UTMediaCAT / mediacat-domain-crawler

Internet domain crawler
0 stars 0 forks source link

Integrate PDF capture into the domain crawler #8

Closed kstapelfeldt closed 3 years ago

kstapelfeldt commented 3 years ago

Give PDFs a name based on UUID and pass the UUID as part of the JSON object to the post processor.

https://www.npmjs.com/package/uuid

RaiyanRahman commented 3 years ago

Added PDF capture with the use of UUIDs. The UUIDs are created from the URL of the page. The namespace of all the UUIDs are set to URLs. The UUID filename is added to the JSON as an attribute for each link. In terms of storage, 20 PDFs take up around 22.4 MB.

kstapelfeldt commented 3 years ago

This is complete and will be added to the big pull request. Unfortunately, PDF generation won't work in the current architecture due to size.
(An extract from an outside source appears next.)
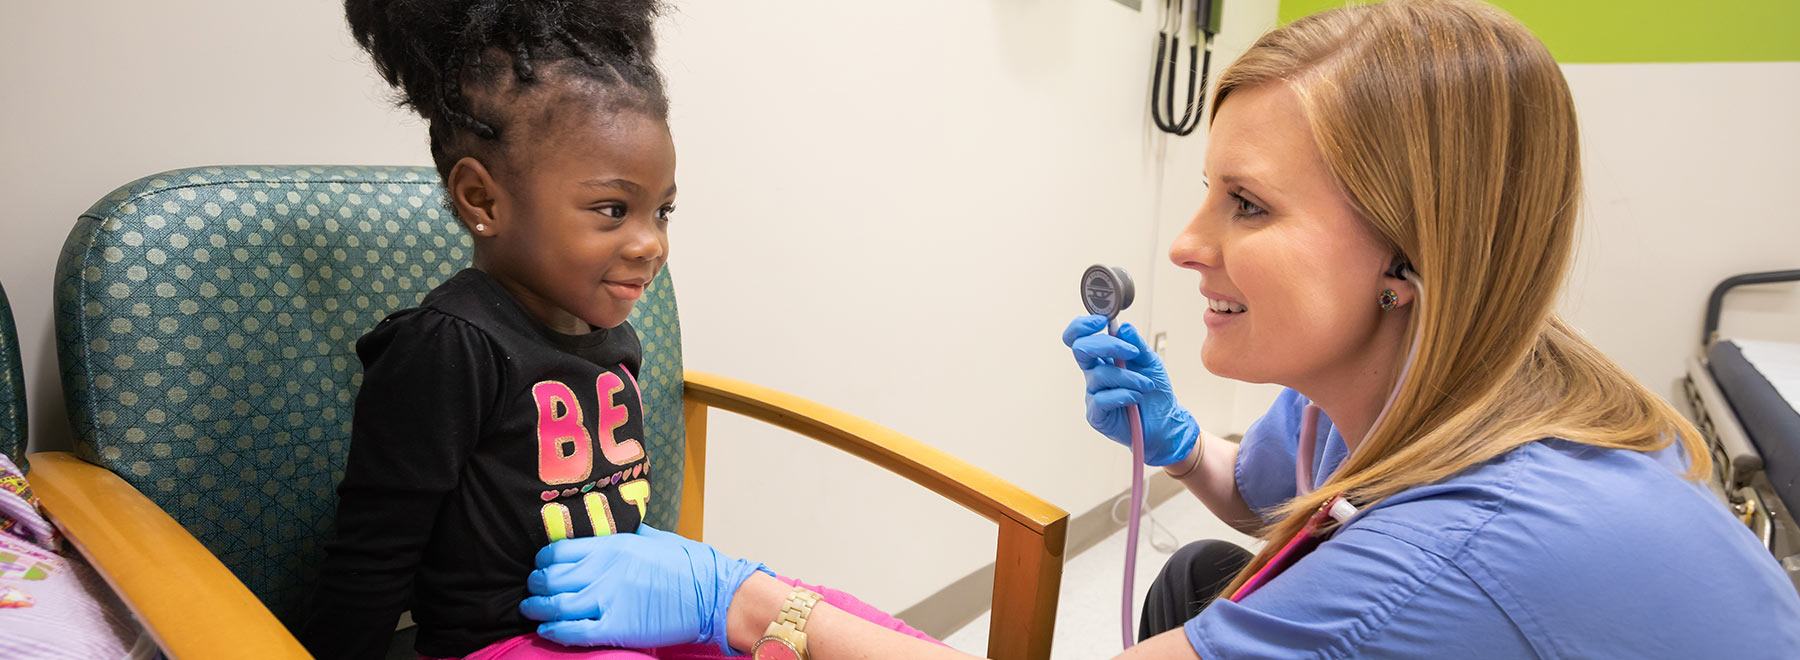 Patient Janiya Pate of Jackson smiles as nurse Leigh Moreau checks her stomach during a visit to the Pediatric Fast Track.

This will have to be made a different service that runs after post-processing (and should be configurable).

Raiyan will put it in another branch for now. Kirsta to add the PDF-grabber to architecture diagram.

jacqueline-chan commented 3 years ago

Unfortunately it seems like this new pdf feature has introduced some errors as below:

Since the pdf feature is no longer supported on the current architecture, perhaps it is best to remove it for now. To save the existing good work though, we may need to place those chances into another branch and then revert the changes on: https://github.com/UTMediaCAT/mediacat-domain-crawler/commits/%232-article-plaintext

1). Error: Evaluation failed: TypeError: Cannot read property 'innerHTML' of null errorInnerHTML.txt scope: http://calcalist.co.il/ https://www.debka.com/ Possible fix: unknown Suggestion: Try and catch maybe?

2) TypeError: Cannot read property 'URL' of undefined URLundefined.txt Possible fix: npm install again -- there could have been an issue with a library

kstapelfeldt commented 3 years ago

Closing in favour of a new ticket for a "pdf grabber service"